Pero, acaso más grave todavía para la causa que defiende el Tribunal Constitucional, sea que los únicos políticos que hasta ahora hayan salido en su defensa son ese puñado de parlamentarios desarrapados y vegetarianos amantes de la clorofila y el ayuno —los Verdes— a los que, en este país de formidables comedores de butifarras y churrascos, nadie toma muy en serio. Su líder parlamentario, Werner Schulz, ha
defendido en Bonn la necesidad de que el Estado mantenga una rigurosa neutralidad en asuntos religiosos «precisamente ahora que existe una amenaza contra la libertad de cultos por obra de los fundamentalistas musulmanes y otras sectas». Y ha pedido que el Estado deje de colectar el impuesto que subsidia a la Iglesia y que reemplace los cursos de cristianismo que se imparten en las escuelas públicas por una enseñanza de ética y creencias en general, sin privilegiar a una religión específica.
Desde las tonificantes aguas frías del lago de Fuschl yo quisiera también añadir mi acatarrada voz en apoyo del Tribunal Constitucional de Alemania y aplaudir a sus lúcidos jueces, por un fallo que, en mi opinión, fortalece el firme proceso democratizador que este país ha seguido desde el final de la Segunda Guerra Mundial, lo más importante que le ha ocurrido a Europa occidental cara al futuro.
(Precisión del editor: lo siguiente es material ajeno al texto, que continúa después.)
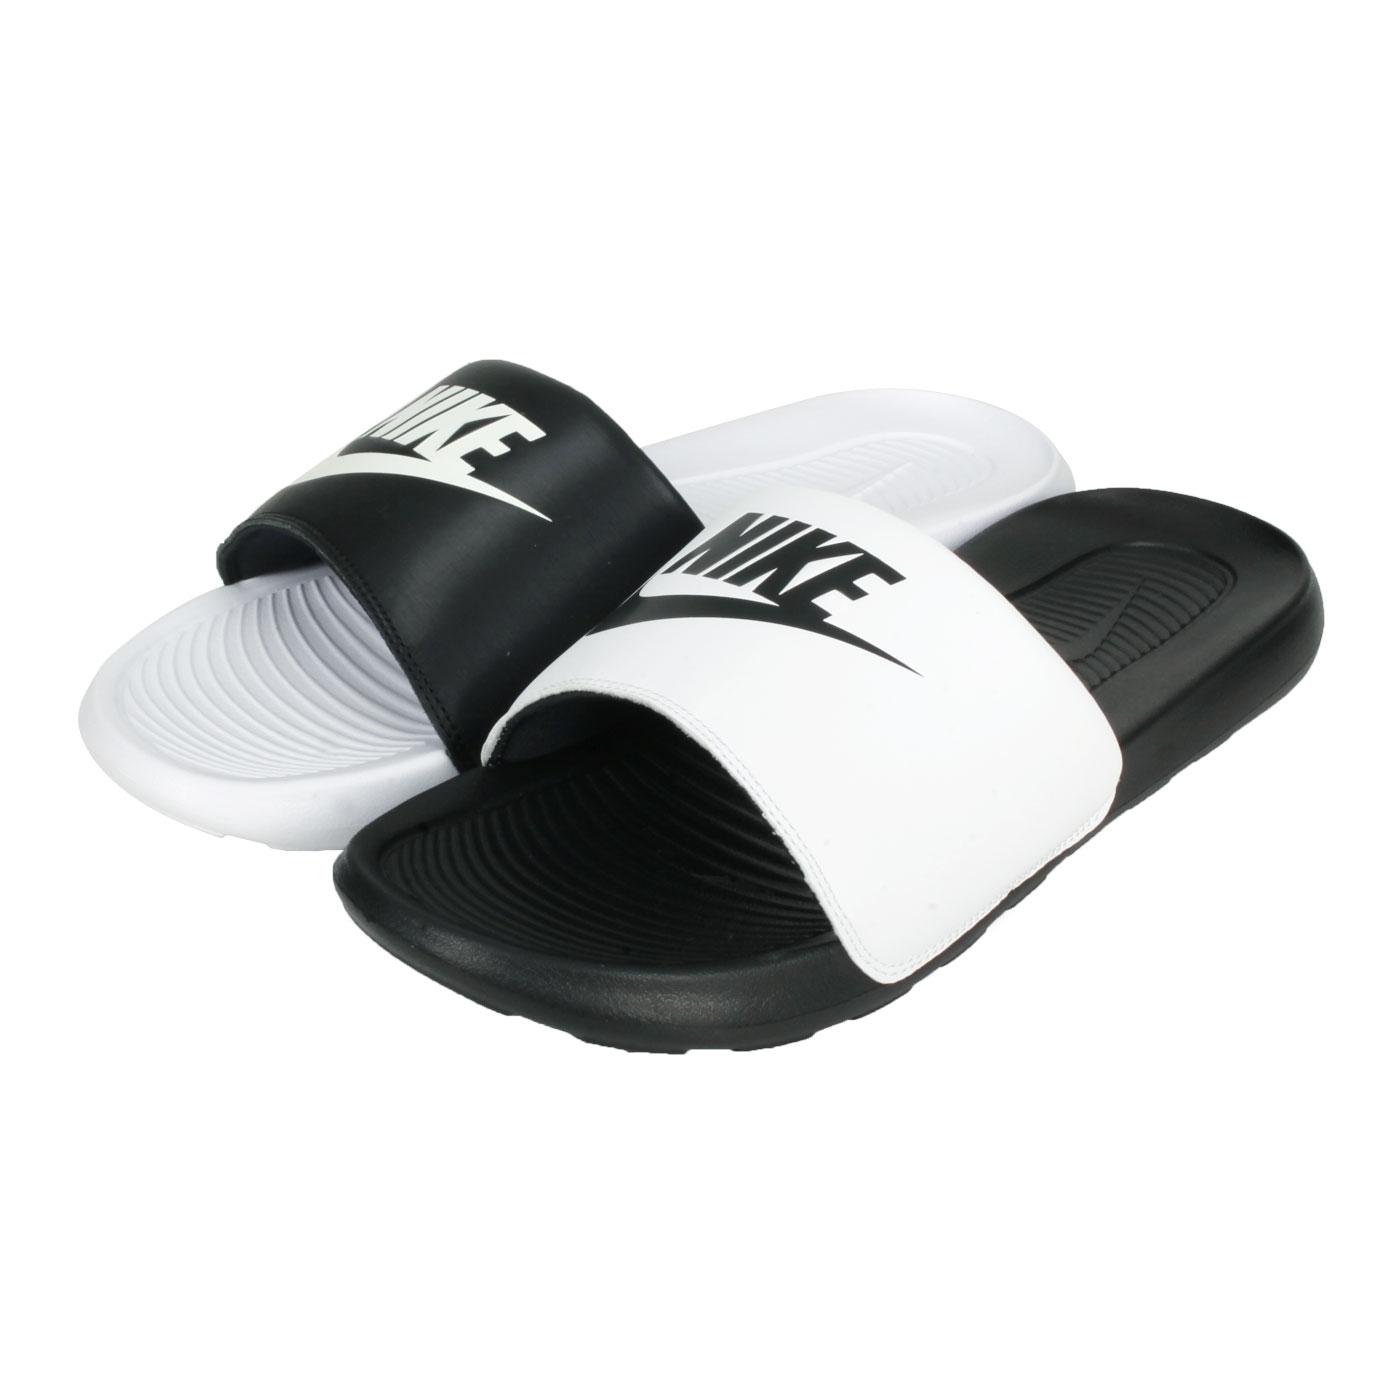 NIKE 女款休閒拖鞋  @W VICTORI ONE SLIDE MIX@DD0228-100 - 黑白

No porque tenga el menor reparo estético contra crucifijos y cruces o porque albergue la más mínima animadversión contra cristianos o católicos. Todo lo contrario. Aunque no soy creyente, estoy convencido de que una sociedad no puede alcanzar una elevada cultura democrática —es decir, no puede disfrutar cabalmente de la libertad y la legalidad— si no está profundamente impregnada de esa vida espiritual y moral que, para la inmensa mayoría de los seres humanos, es indisociable de la religión. Así lo recuerda Paul Johnson, desde hace por lo menos veinte años, documentando en sus prolijos estudios el papel primordial que la fe y las prácticas religiosas cristianas desempeñaron en la aparición de una cultura democrática en el seno de las tinieblas de la arbitrariedad y el despotismo en que daba tumbos el género humano.
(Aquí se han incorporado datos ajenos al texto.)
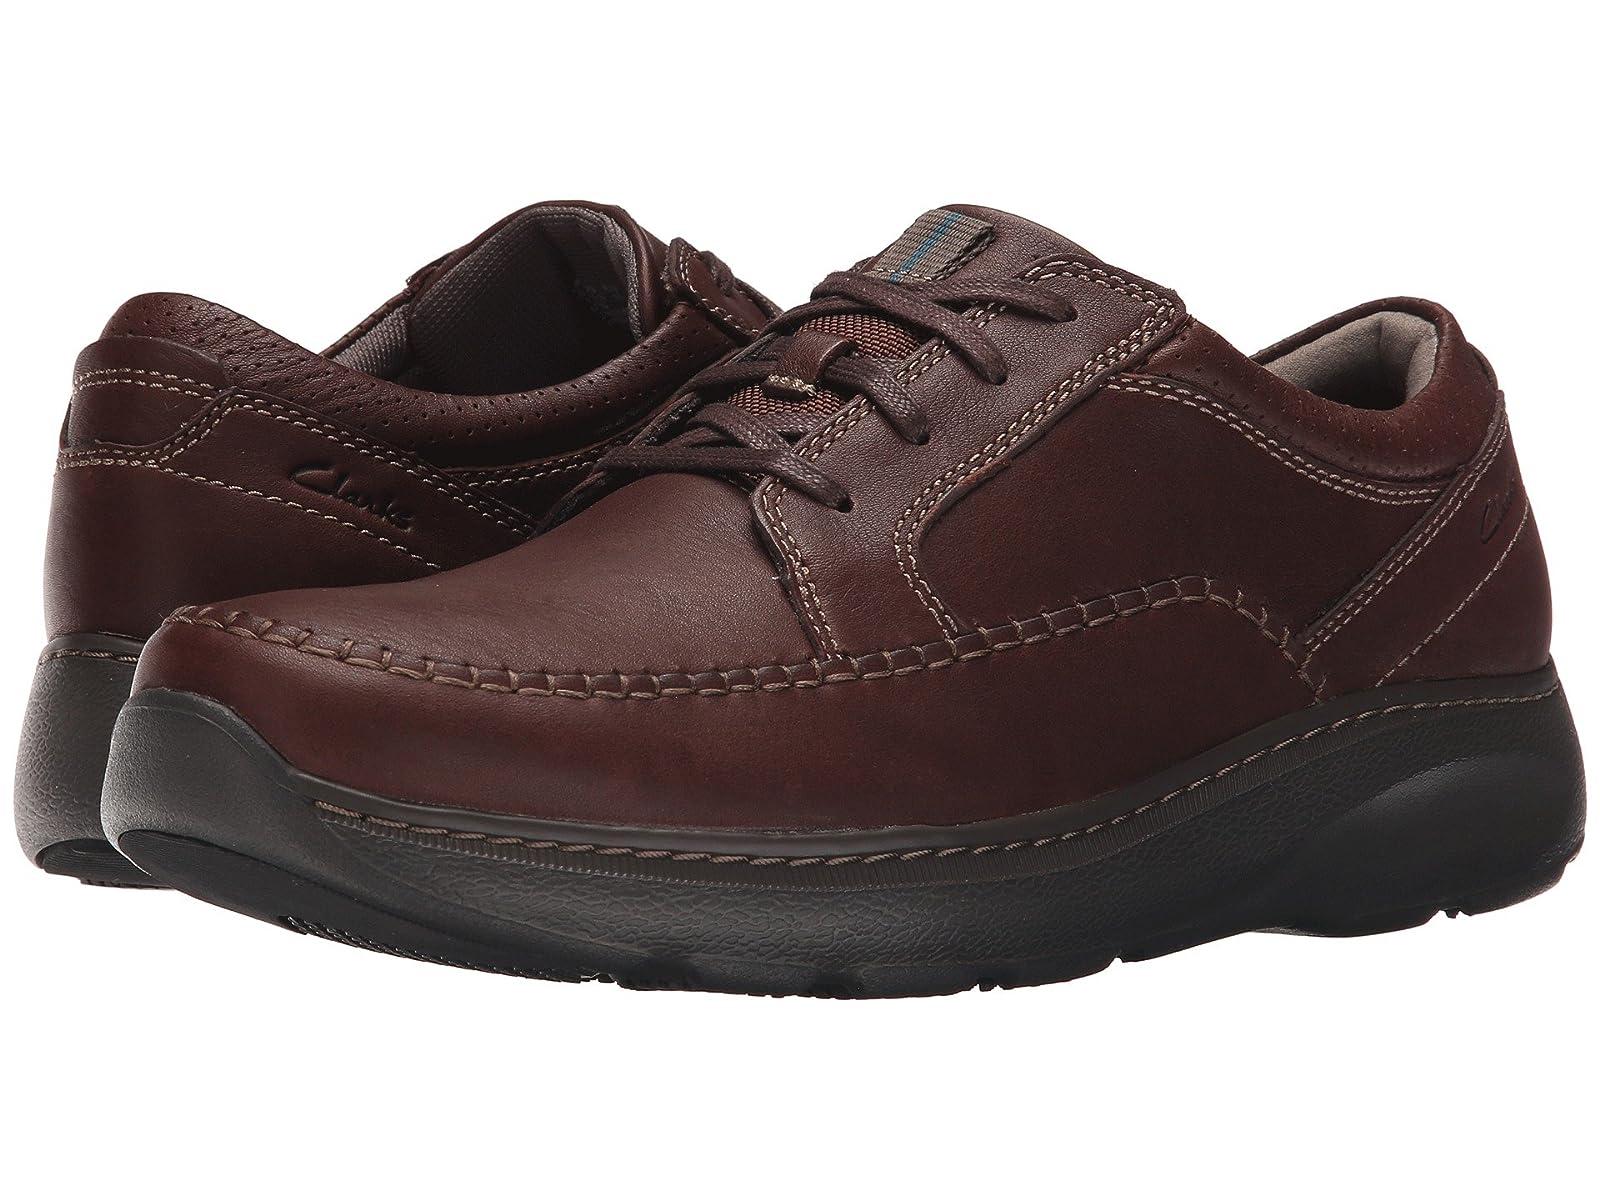 Clarks Charton VibeAtmospheric grades have affordable shoes

Pero, a diferencia de Paul Johnson, estoy también convencido de que si el Estado no preserva su carácter secular y laico, y, cediendo a la consideración cuantitativa que ahora esgrimen los adversarios del Tribunal Constitucional alemán —¿por qué no sería cristiano el Estado si la gran mayoría de los ciudadanos lo es?—, se identifica con una Iglesia, la democracia está perdida, a corto o a mediano plazo. Por una
razón muy simple: ninguna iglesia es democrática. Todas ellas postulan una verdad, que tiene la abrumadora coartada de la trascendencia y el padrinazgo abracadabrante de un ser divino, contra los que se estrellan y pulverizan todos los argumentos de la razón, y se negarían a sí mismas —se suicidarían— si fueran tolerantes y retráctiles y estuvieran dispuestas a aceptar los principios elementales de la vida democrática como son el pluralismo, el relativismo, la coexistencia de verdades contradictorias, las constantes concesiones recíprocas para la formación de consensos sociales. ¿Cómo sobreviviría el catolicismo si se pusiera al voto de los fieles, digamos, el dogma de la Inmaculada Concepción?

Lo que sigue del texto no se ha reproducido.